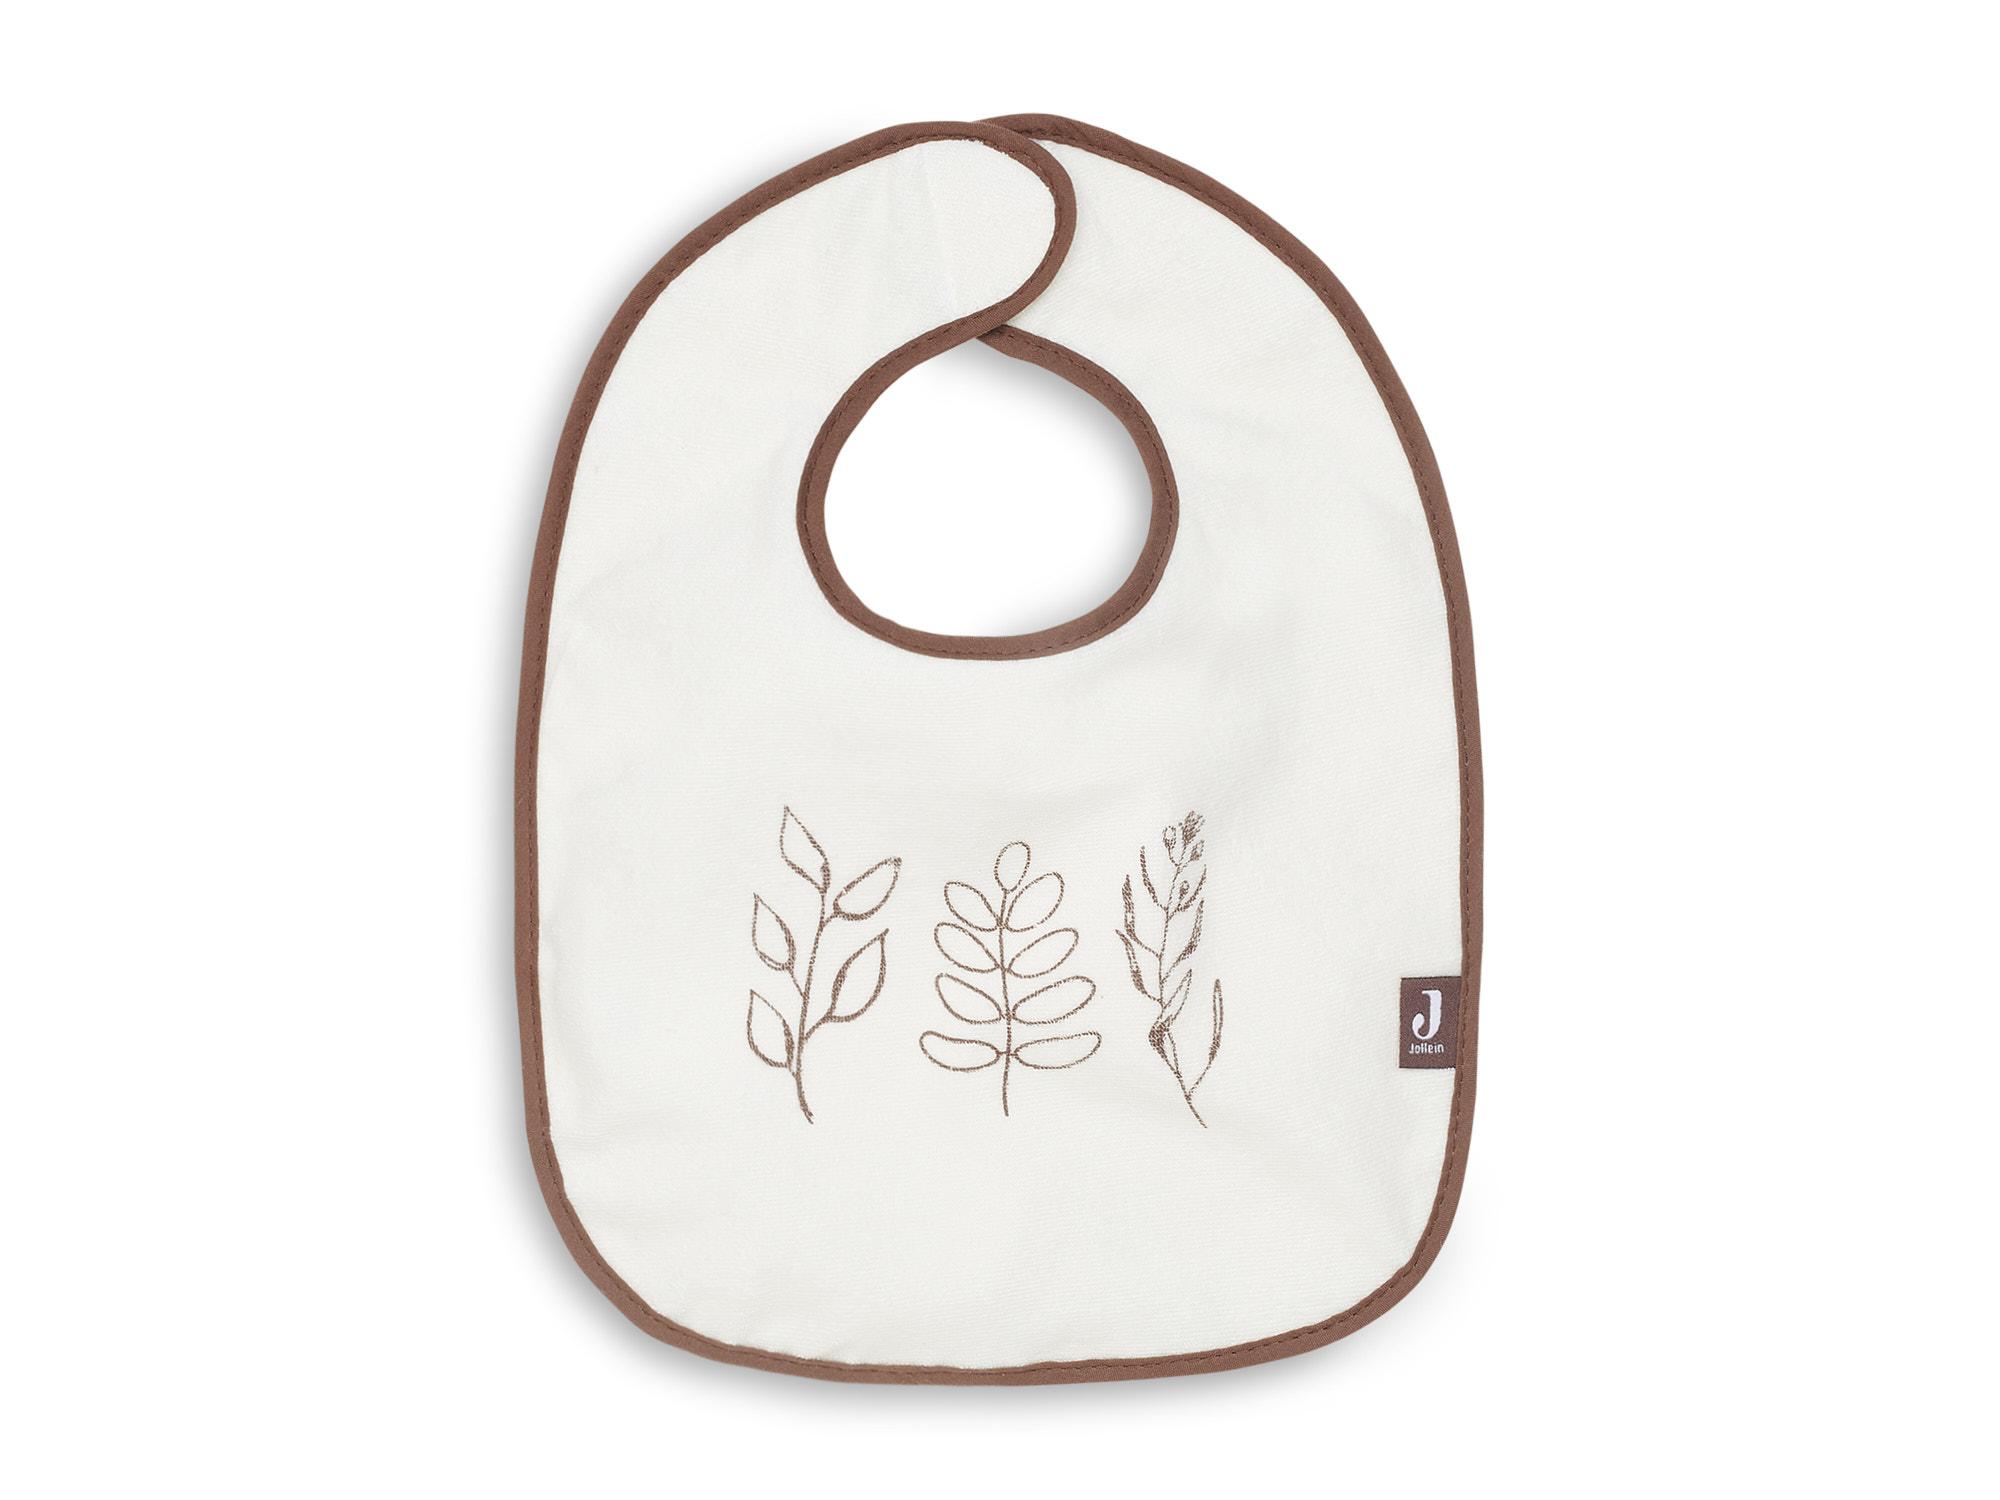 Afbeelding Jollein Slab Meadow I Chestnut (3 pack)
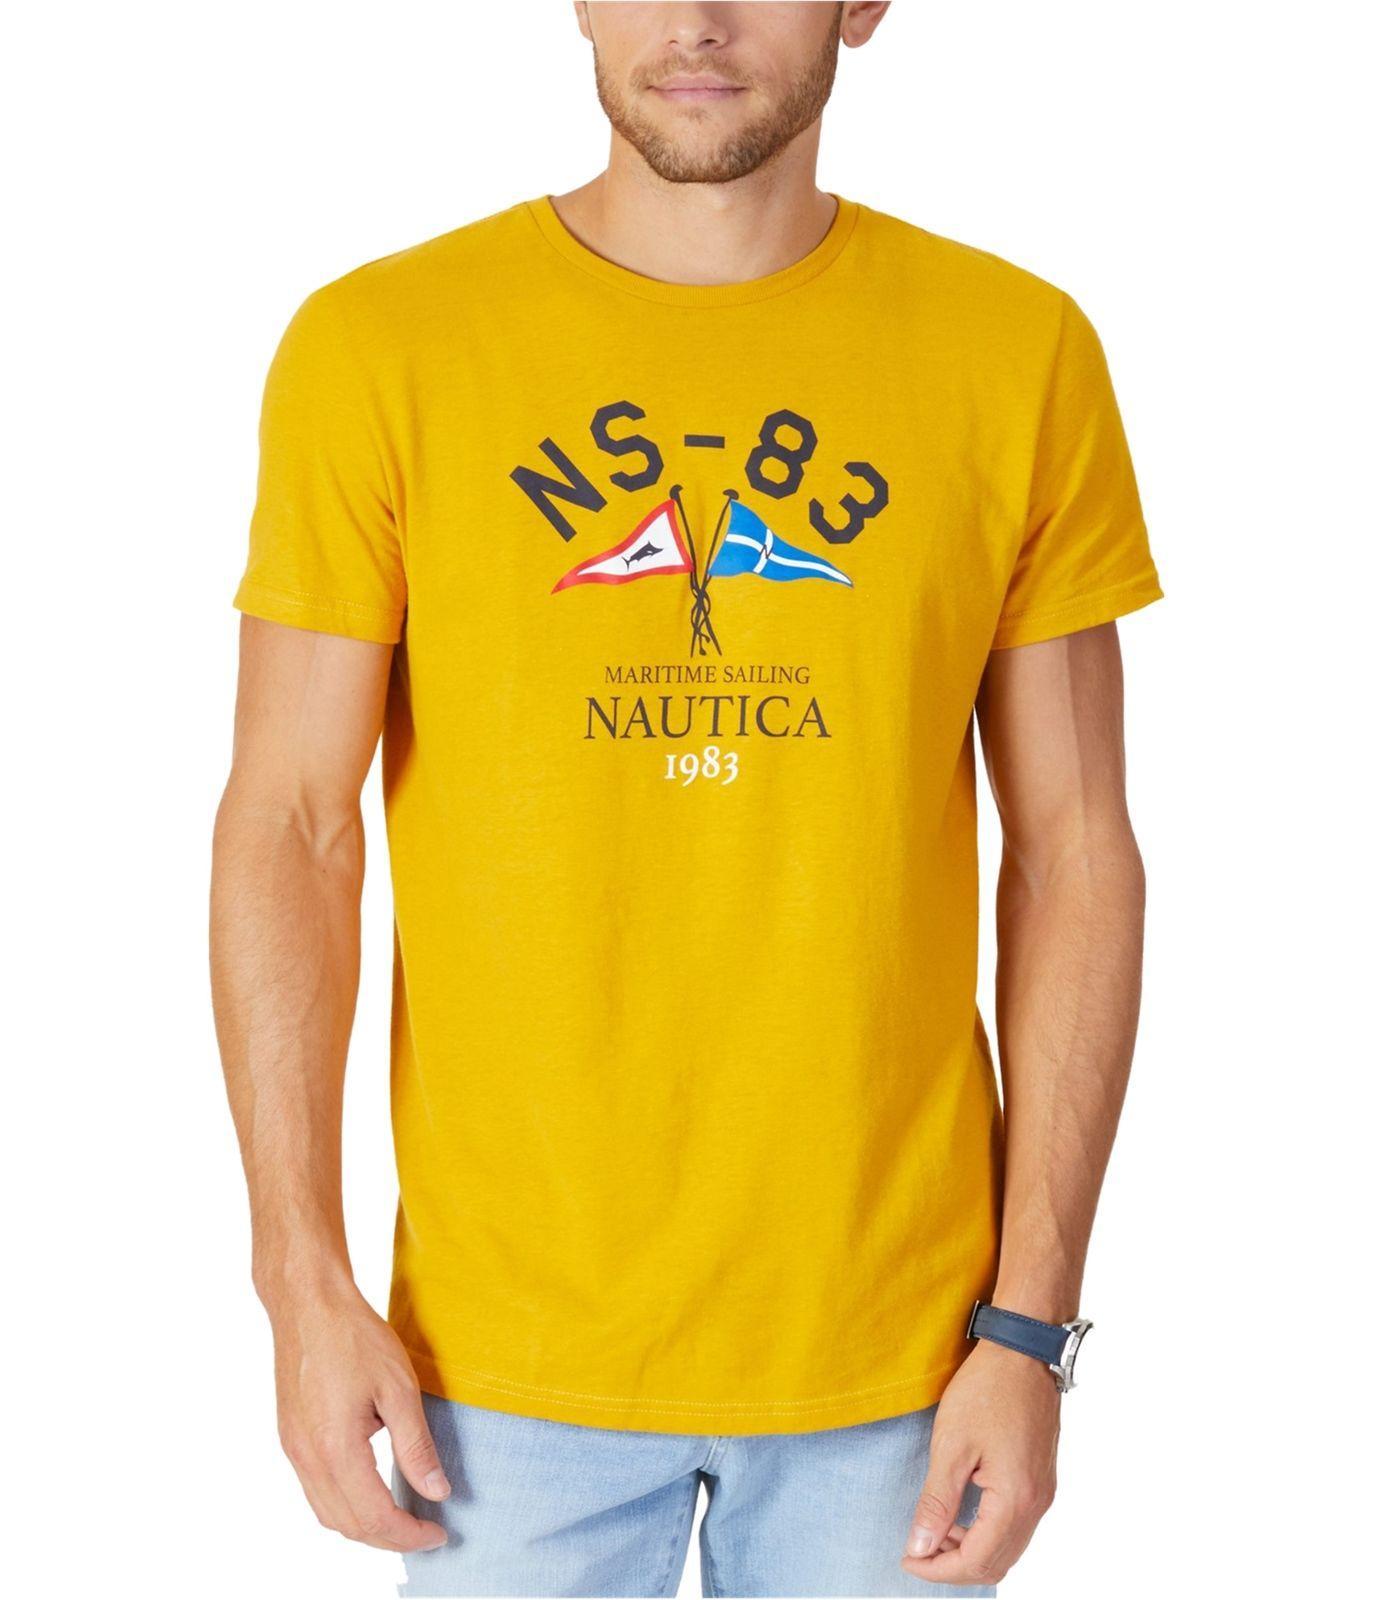 e7f478274e50 Nautica Mens Martime Sailing Graphic T Shirt Men Women Unisex Fashion Tshirt  Funny Cool Top Tee Black Online T Shirt Printing On T Shirts From ...
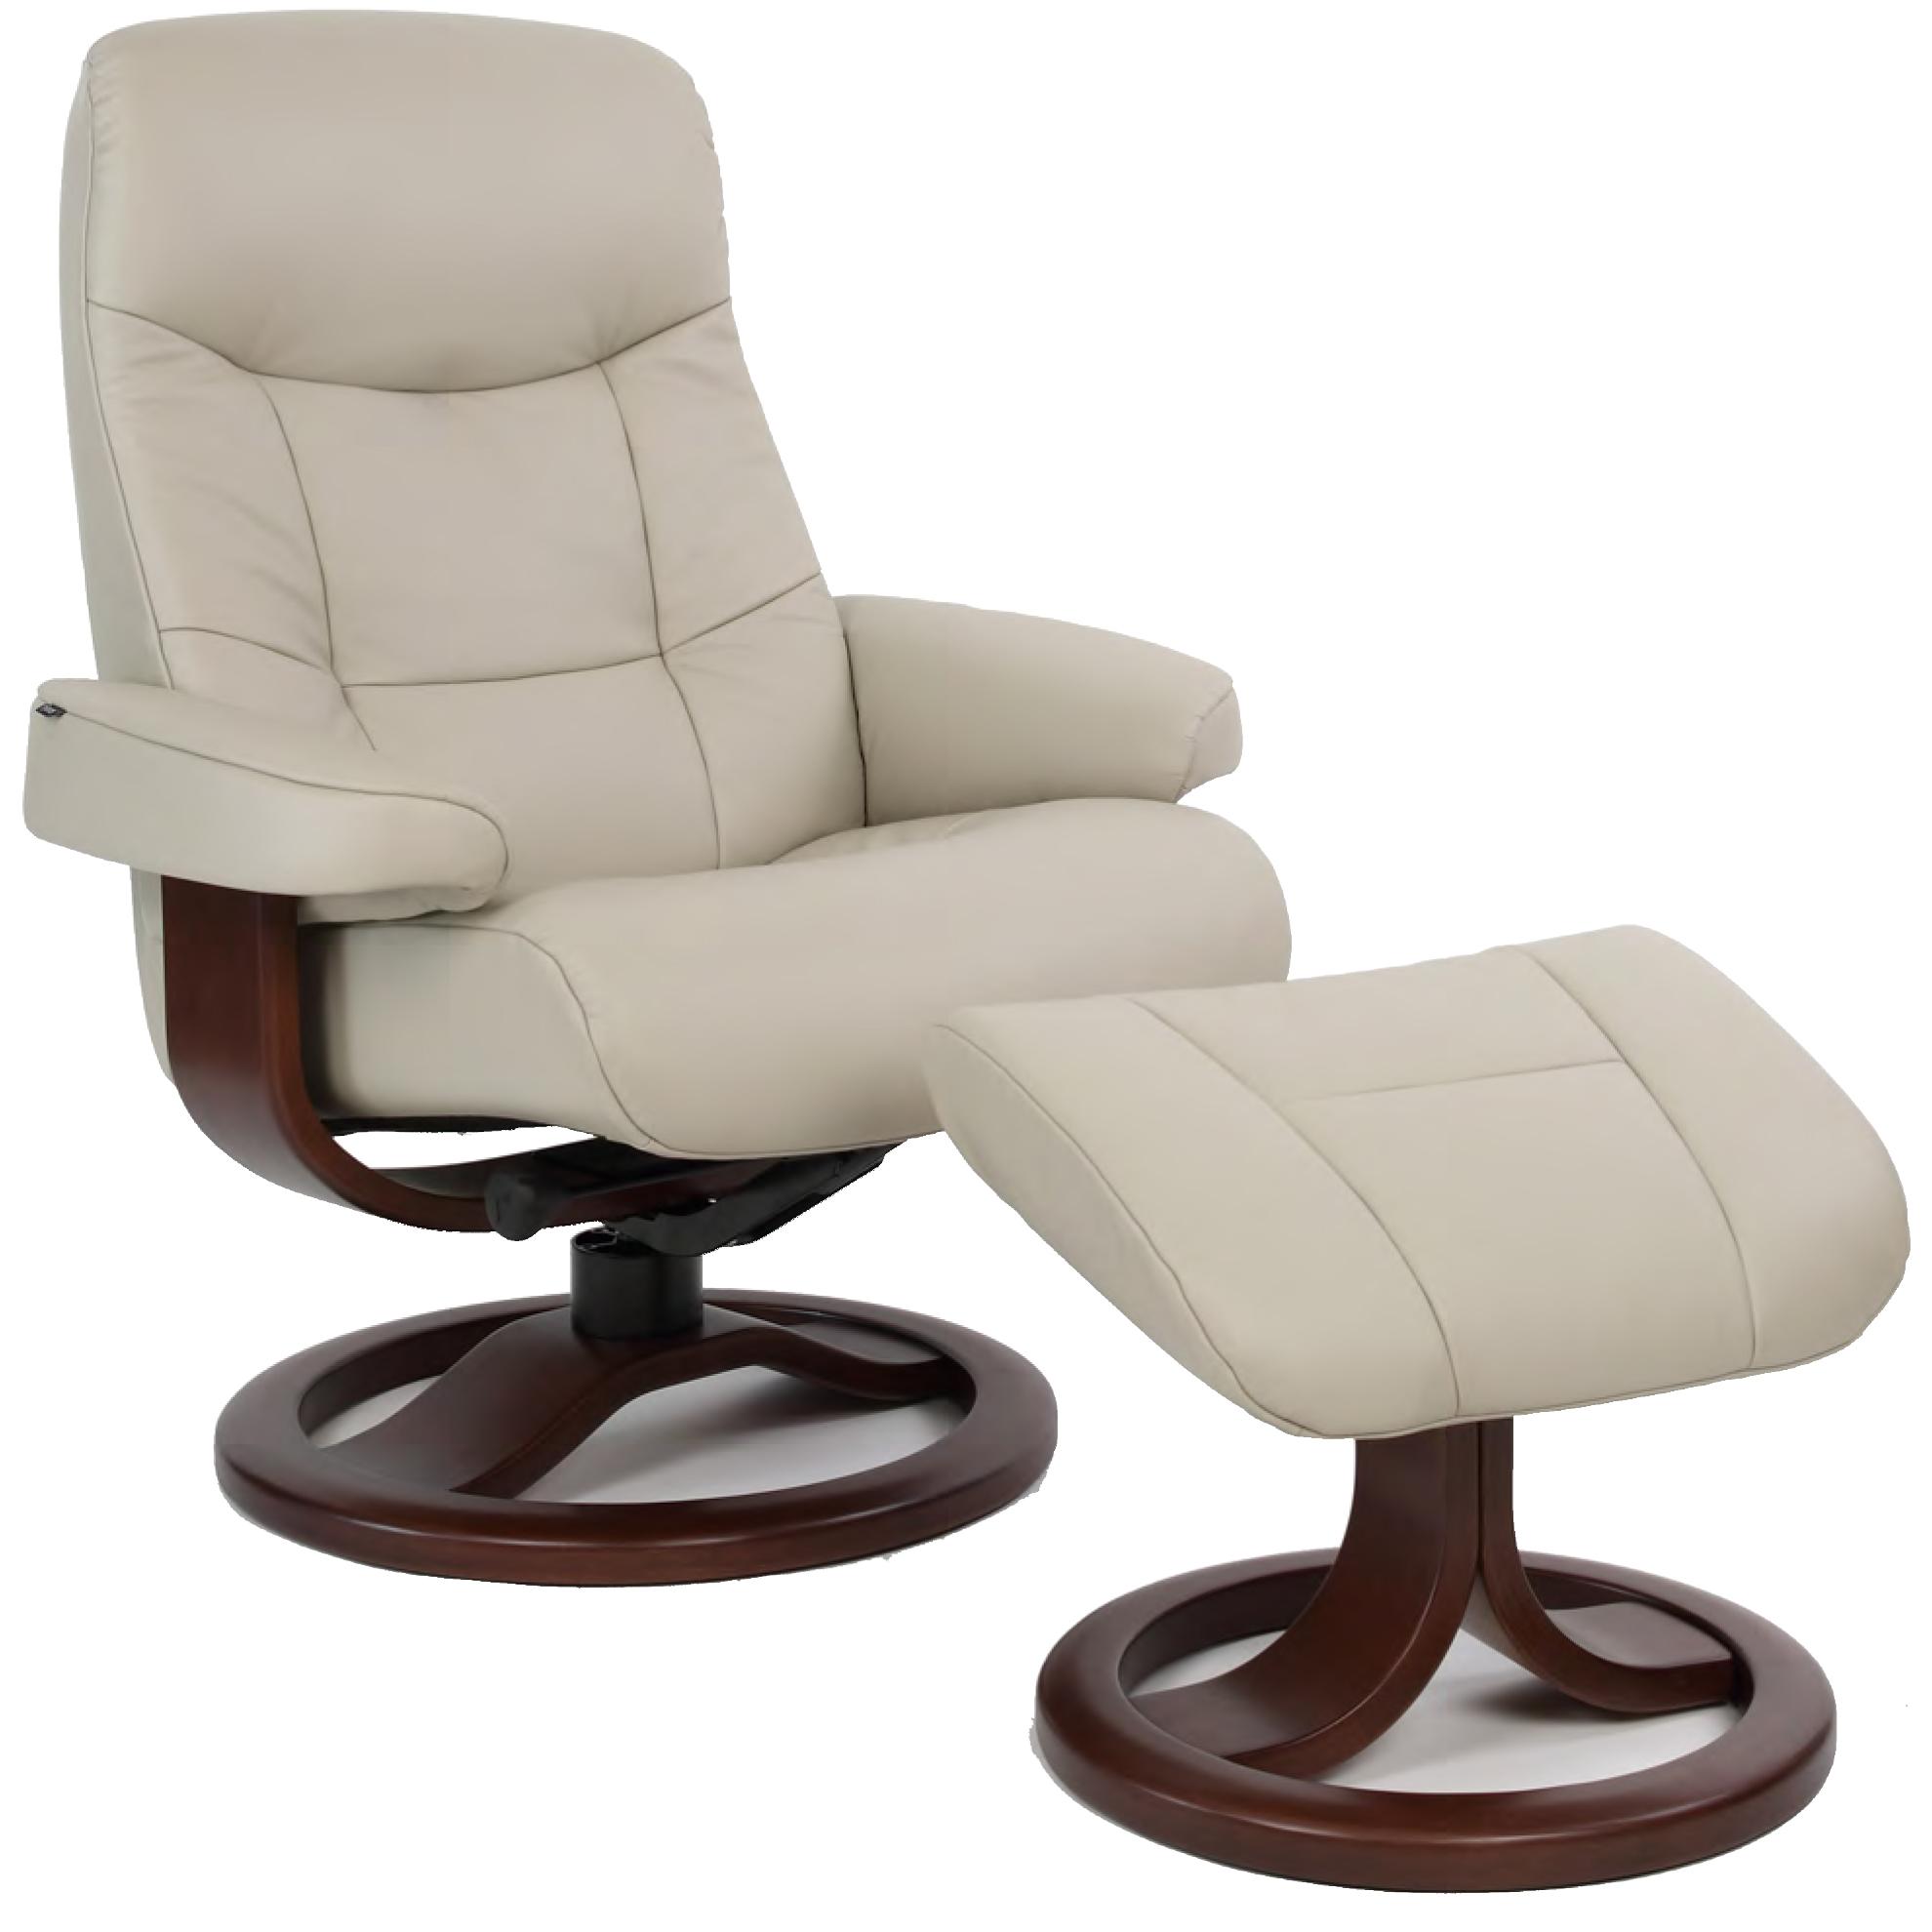 the perfect chair ergonomic zero gravity recliner chair

# Work to complete
What you output must be exactly the lines from the line with "e7f478274e50 Nautica Mens" through the last line of the listing, pictures excluded.

# Written response
 e7f478274e50 Nautica Mens Martime Sailing Graphic T Shirt Men Women Unisex Fashion Tshirt  Funny Cool Top Tee Black Online T Shirt Printing On T Shirts From ...
 the perfect chair ergonomic zero gravity recliner chair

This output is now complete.